Autoregressive model based on a deep convolutional neural network for audio generation
Cabello Piqueras, Laura
Permanent address of the item is
The main objective of this work is to investigate how a deep convolutional neural network (CNN) performs in audio generation tasks. We study a ﬁnal architecture based on an autoregressive model of deep CNN that operates directly at the waveform level. In ﬁrst place, we study different options to tackle the task of audio generation. We deﬁne the best approach as a classiﬁcation task with one-hot encode data; generation is based on sequential predictions: after next sample of an input sequence is predicted, it is fed back into the network to predict the next sample. We present the basics of the preferred architecture for generation, adapted from WaveNet model proposed by DeepMind. It is based on dilated causal convolutions which allows an exponential growth of the receptive ﬁeld size with depth of the network. Bigger receptive ﬁelds are desirable when dealing with temporal sequences since it increases the model capacity to model temporal correlations at longer timescales.
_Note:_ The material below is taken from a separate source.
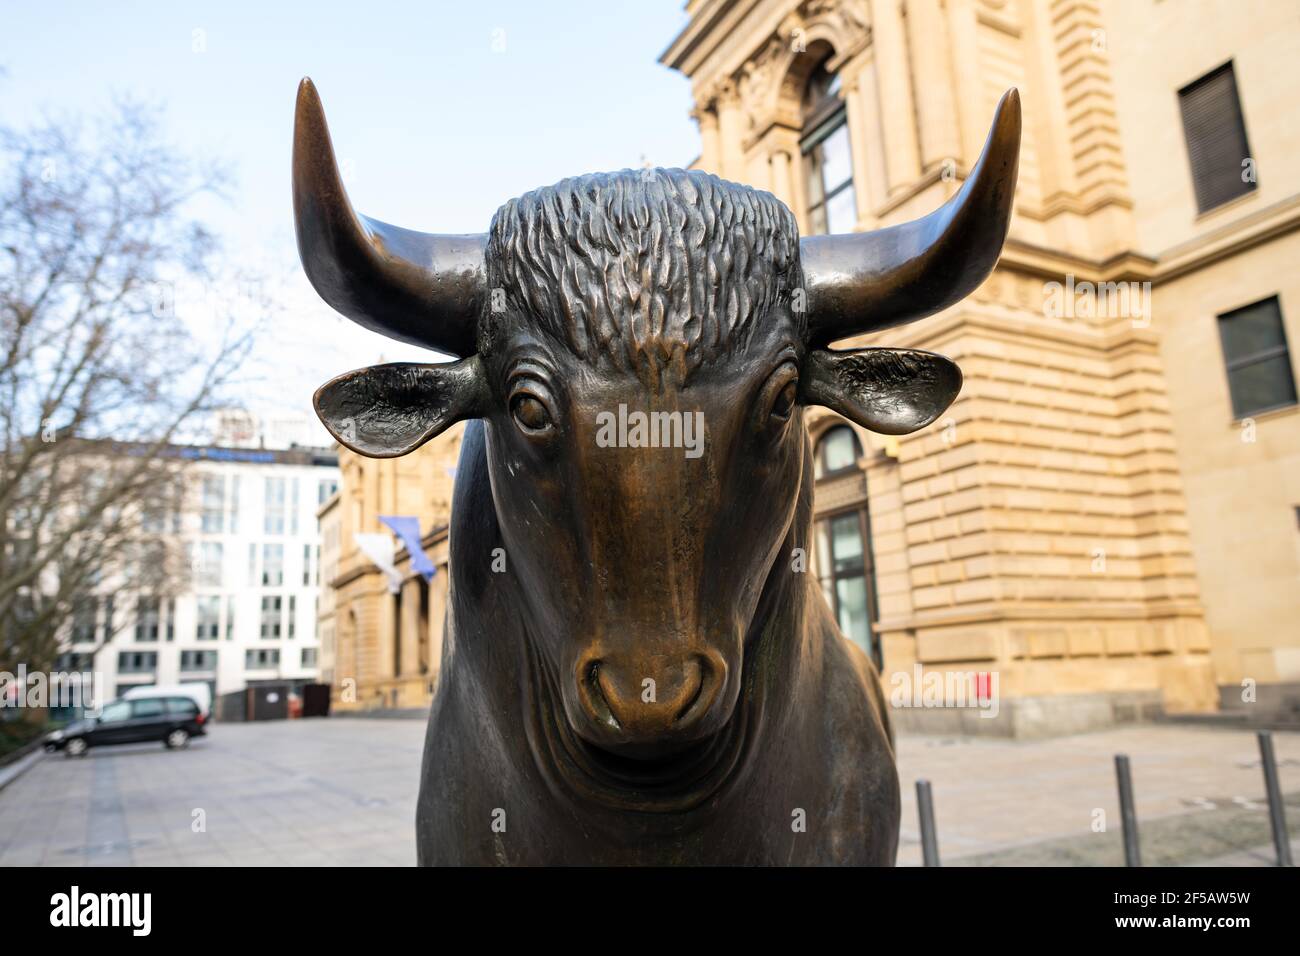 Bull market - bull statue outside Frankfurt stock exchange building, Frankfurt, Germany Stock Photo

Due to the lack of an objective method to assess the quality of new synthesized signals, we ﬁrstly test a wide range of network settings with pure tones so the network is capable to predict the same sequences. In order to overcome the diffculties of training a deep network and to accelerate the research adjusted to our computational resources, we constrain the input database to a mixture of two sinusoids within an audible range of frequencies. In generation phase, we acknowledge the key role of training a network with a large receptive ﬁeld and large input sequences. Likewise, the amount of examples we feed to the network every training epoch exert a decisive inﬂuence in any studied approach.